Bed bugs are one of the most dreaded pests for home owners and property managers, and the number of infestations seems to grow every year. Despite this, there are still several myths concerning bed bugs that we frequently encounter. Not knowing the difference between fact and fiction can be an expensive and uncomfortable mistake, so make sure to read up on these common misconceptions about bed bugs!

MYTH: Bed bugs are a result of unsanitary conditions in the home or apartment.

FACT: Bed bug infestations have nothing to do with the cleanliness of the home or the people living there. While cleaning up excessive clutter and frequent vacuuming can prevent largescale infestations, the truth is that bed bugs don’t discriminate. Infestations can happen anywhere.

MYTH: The only way I can tell if I have bed bugs is if I am bitten; they’re too small for me to see.

FACT: Regularly inspecting your room is a good way to avoid a full-blown infestation, because adults, nymphs, and eggs are all visible to the naked eye. Adult bed bugs are about the size, shape, and color of an apple seed. They are oval shaped, flat, and about 1/4 inch in length. Nymphs are translucent and are about the size of a pinhead. Eggs are the size, shape, and color of a half grain of rice. Additionally, most people don’t actually show signs of bites, and for those who exhibit symptoms it can take two to four weeks for them to appear.

MYTH: Bed bugs only come out in the dark, sleeping with the light on will prevent me from getting bitten.

FACT: Bed bugs activity level has nothing to do with the amount of light in a room. Instead, bed bugs adapt their activity level to the schedule of the host to amplify their feeding time. For example, the bed bugs present in someone’s home who works third shift will be active during the day and inactive at night, while the opposite would be true for someone who works first shift.

MYTH: Bed bugs only live on beds, throwing out my bed will get rid of the problem.

FACT: Their name is a bit deceiving, as bed bugs live and hide in a wide variety of places besides mattresses and linens. These places include spaces behind wood trim, inside electrical boxes, in floors, and behind wallpaper. A new bed would likely be re-infested within a day. In fact, a major cause of the spread of bed bugs is the movement of infested furniture without a heavy gauge plastic encasement, and bed bugs frequently re-infest buildings through tenants bringing in used furniture that had been thrown out.

MYTH: Once I have bed bugs, I might as well throw out all of my furniture and belongings.

FACT: Almost everything can be salvaged. Most furniture and clothing can be treated.

MYTH: Bed bugs spread diseases.

FACT: While they are a huge nuisance, causing itchiness, irritation, and a loss of sleep, bed bugs are not known to spread disease.

Because bed bugs feed on blood, there’s a common belief they can transmit disease just like mosquitoes and ticks can. This partially stems from the belief mosquitoes and ticks can inject blood from other victims into new victims. But that’s not how it works. In fact, a mosquito can get the malaria parasite in their system from feeding on someone who has the virus, but the virus lives in the mosquito’s saliva. When the mosquito injects the anti-coagulant to feed on the blood, the saliva itself transmits the disease.

Bed bugs tend to have a very confined area in which they feed. They don’t have wings, so they don’t fly all over the neighborhood feasting on other people and risking catching a virus or disease. Thus, bed bugs are not known to transmit diseases like other blood-sucking insects. The biggest problem they inflict upon people is psychological in nature. Being feasted upon at night is something that disturbs most people and can cause loss of sleep.

All that being said, scratching bed bug bites does increase the possibility of putting bacteria from dirty fingernails into the wound, but the risk is minimal.
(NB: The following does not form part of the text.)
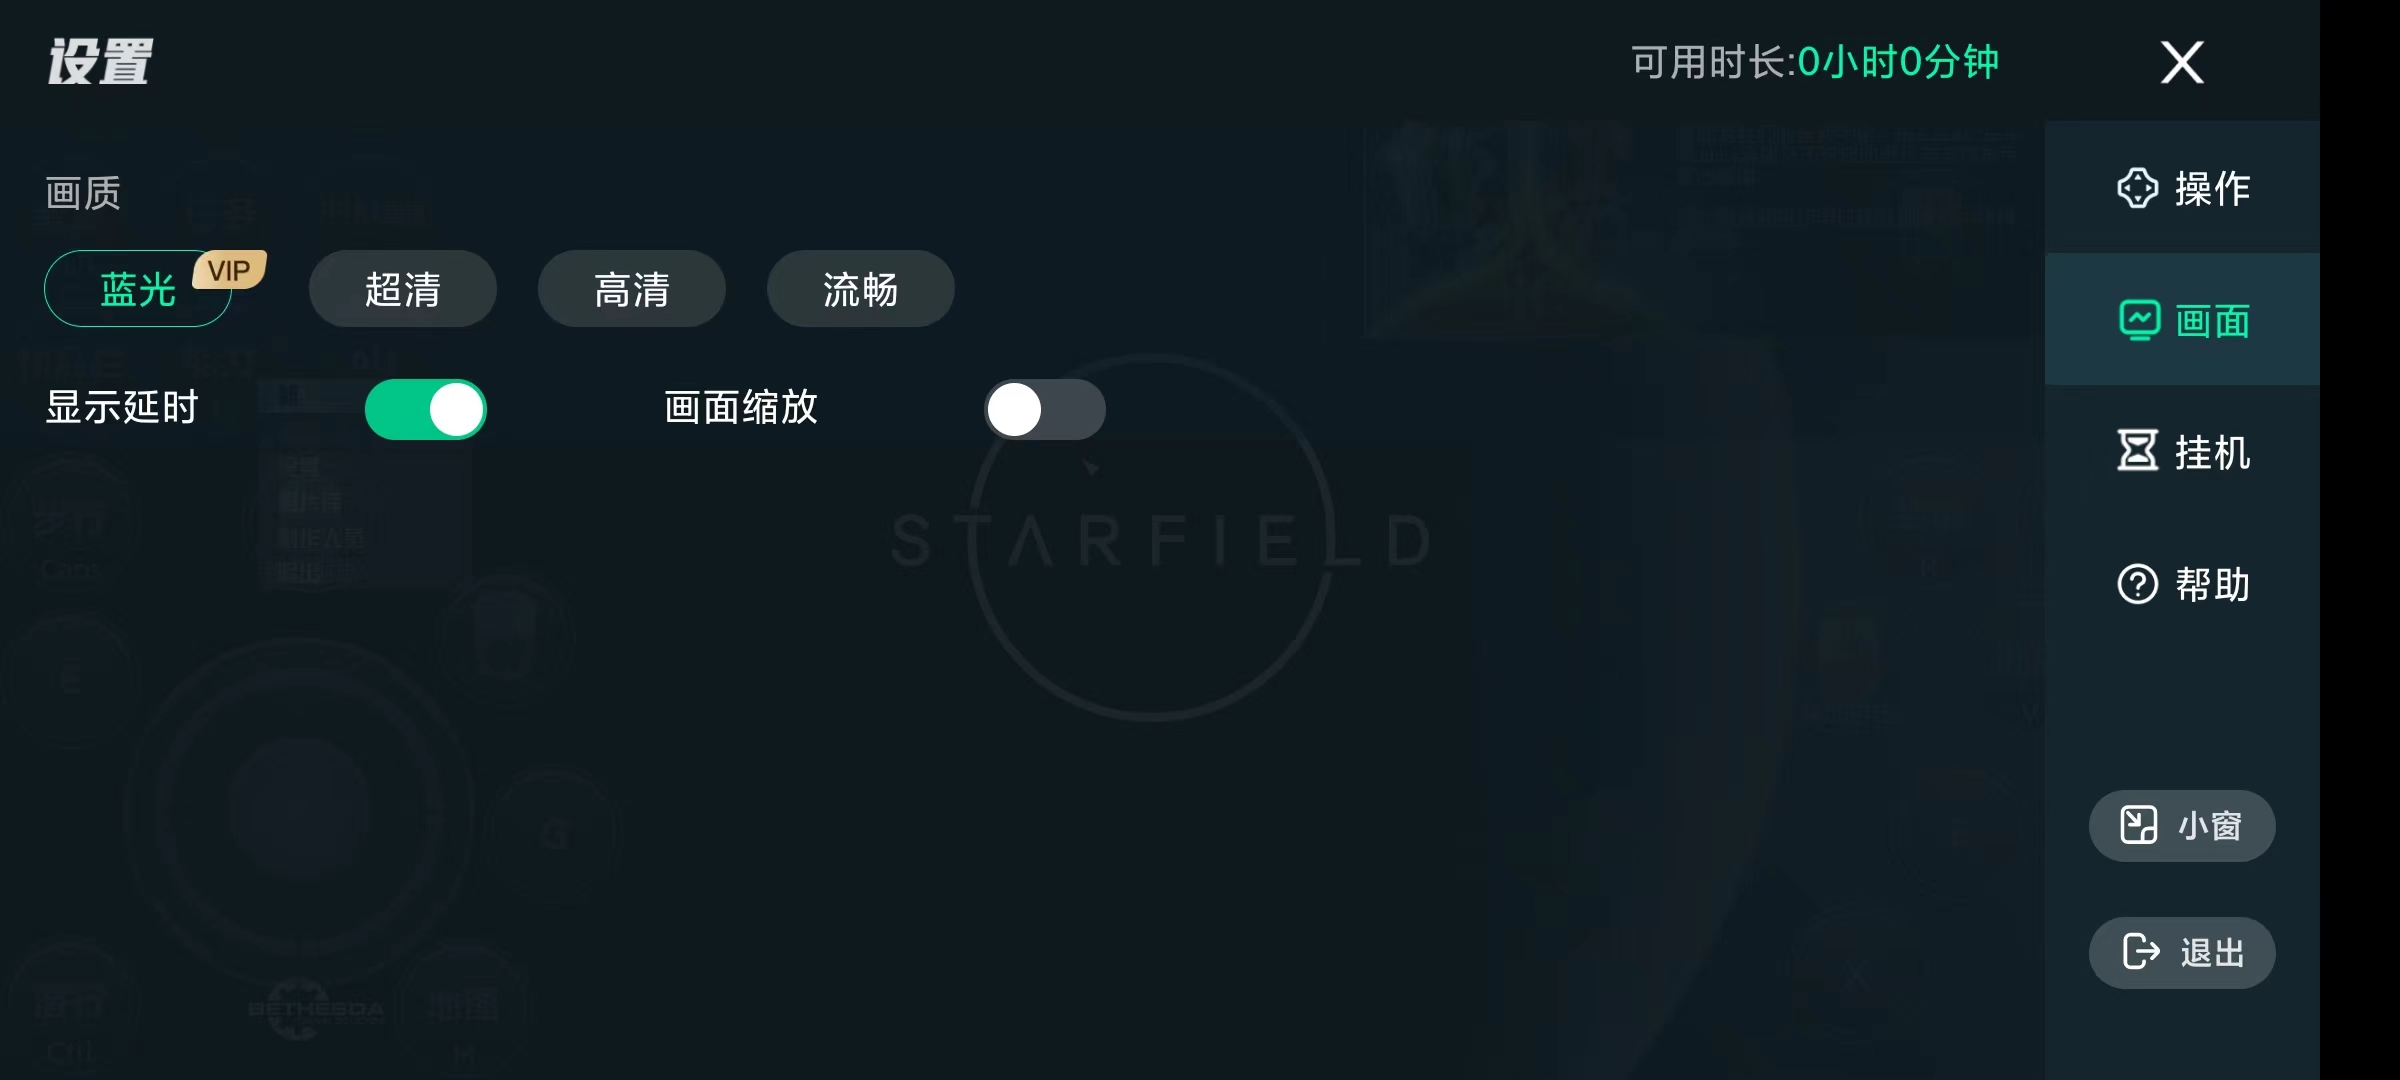 YOWA云游戏2.8.15解锁会员手机畅玩steam 屠城辅助网www.tcfz1.com7430

MYTH: If I am being bitten in my bed, sleeping in a different room of my house will offer some relief or will leave the bed bugs without a food source.

FACT: Bed bugs will follow their food source, and this would just result in spreading the infestation to more rooms of your home, making treatment more difficult. They are likely living or hiding in belongings that you would take to the new room as well, or they can migrate on their own. Alternatively, bed bugs can go into a dormant state and live up to nine months without feeding, only to reemerge when you reenter the room.
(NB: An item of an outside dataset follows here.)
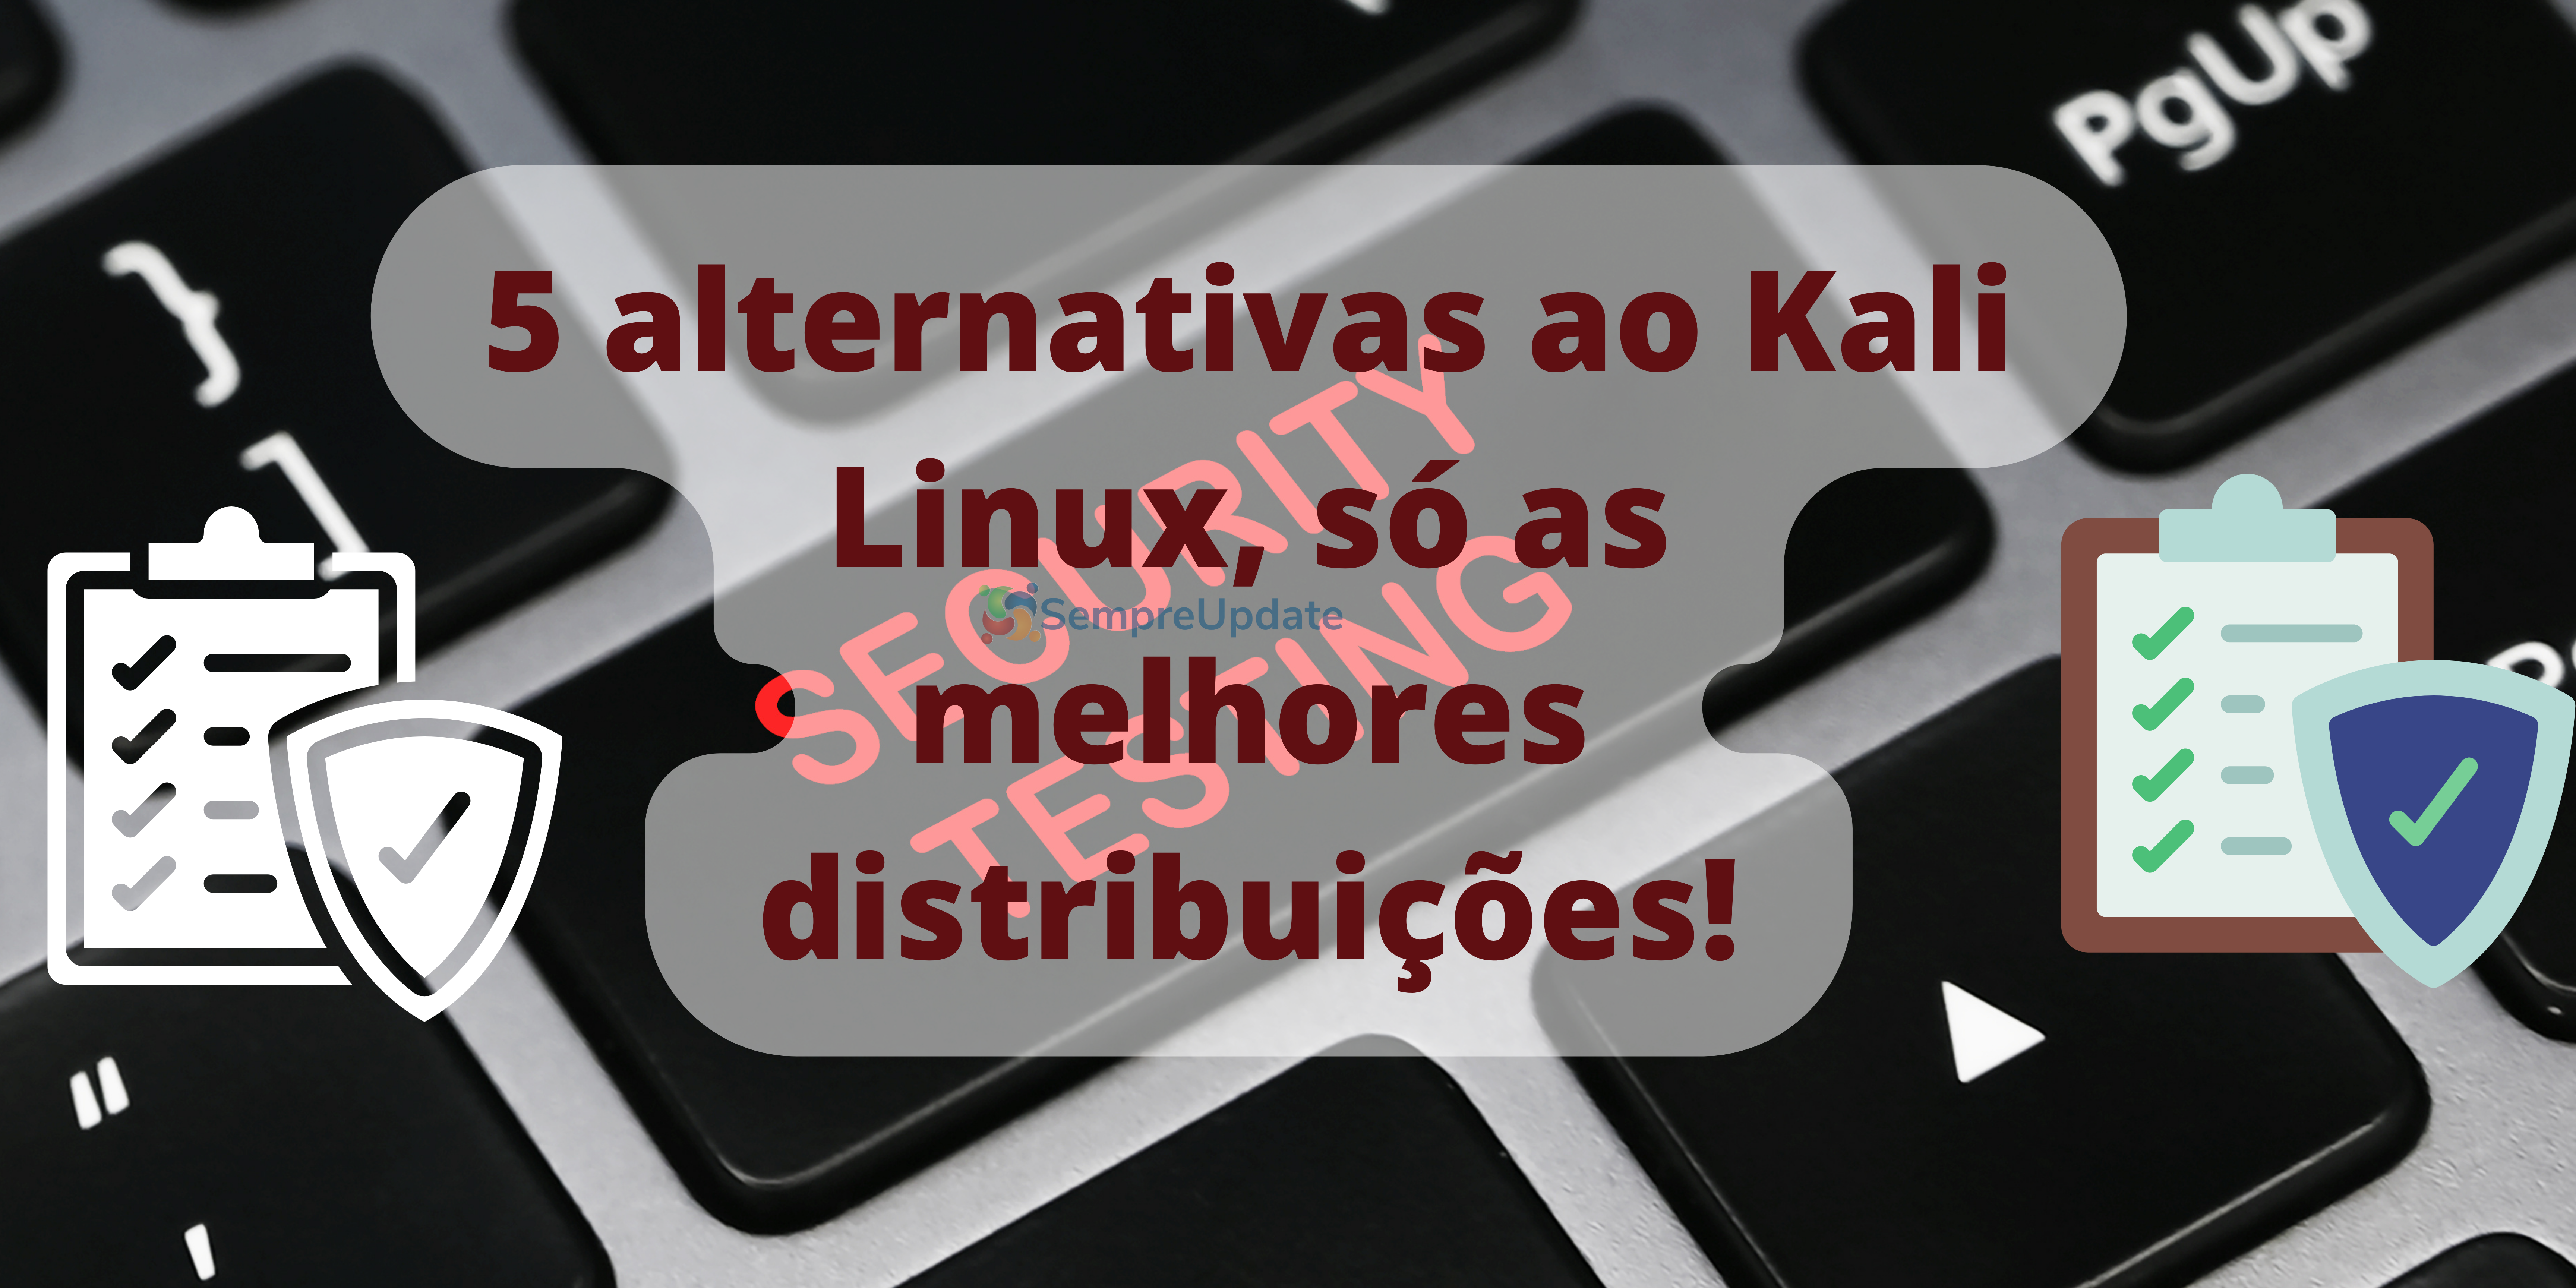 5 alternativas ao Kali Linux, só as melhores distribuições!

MYTH: I can take care of the problem with over the counter products.

FACT: We strongly recommend not using a DIY treatment. Nearly 90% of bed bugs are genetically resistant to common household insecticides. Only professionals can access the products and training necessary to control bed bugs, and an over-the-counter insecticide could cause the bed bugs to disperse to multiple rooms, making effective treatment more difficult.

MYTH: Once I’ve gotten the infestation treated, I’m in the clear.

FACT: Bed bugs can re-infest a building just like the original infestation. You still need to remain vigilant and frequently inspect critical areas. As with other pest issues, it is extremely beneficial to be as proactive as possible and contact a pest control professional as soon as possible.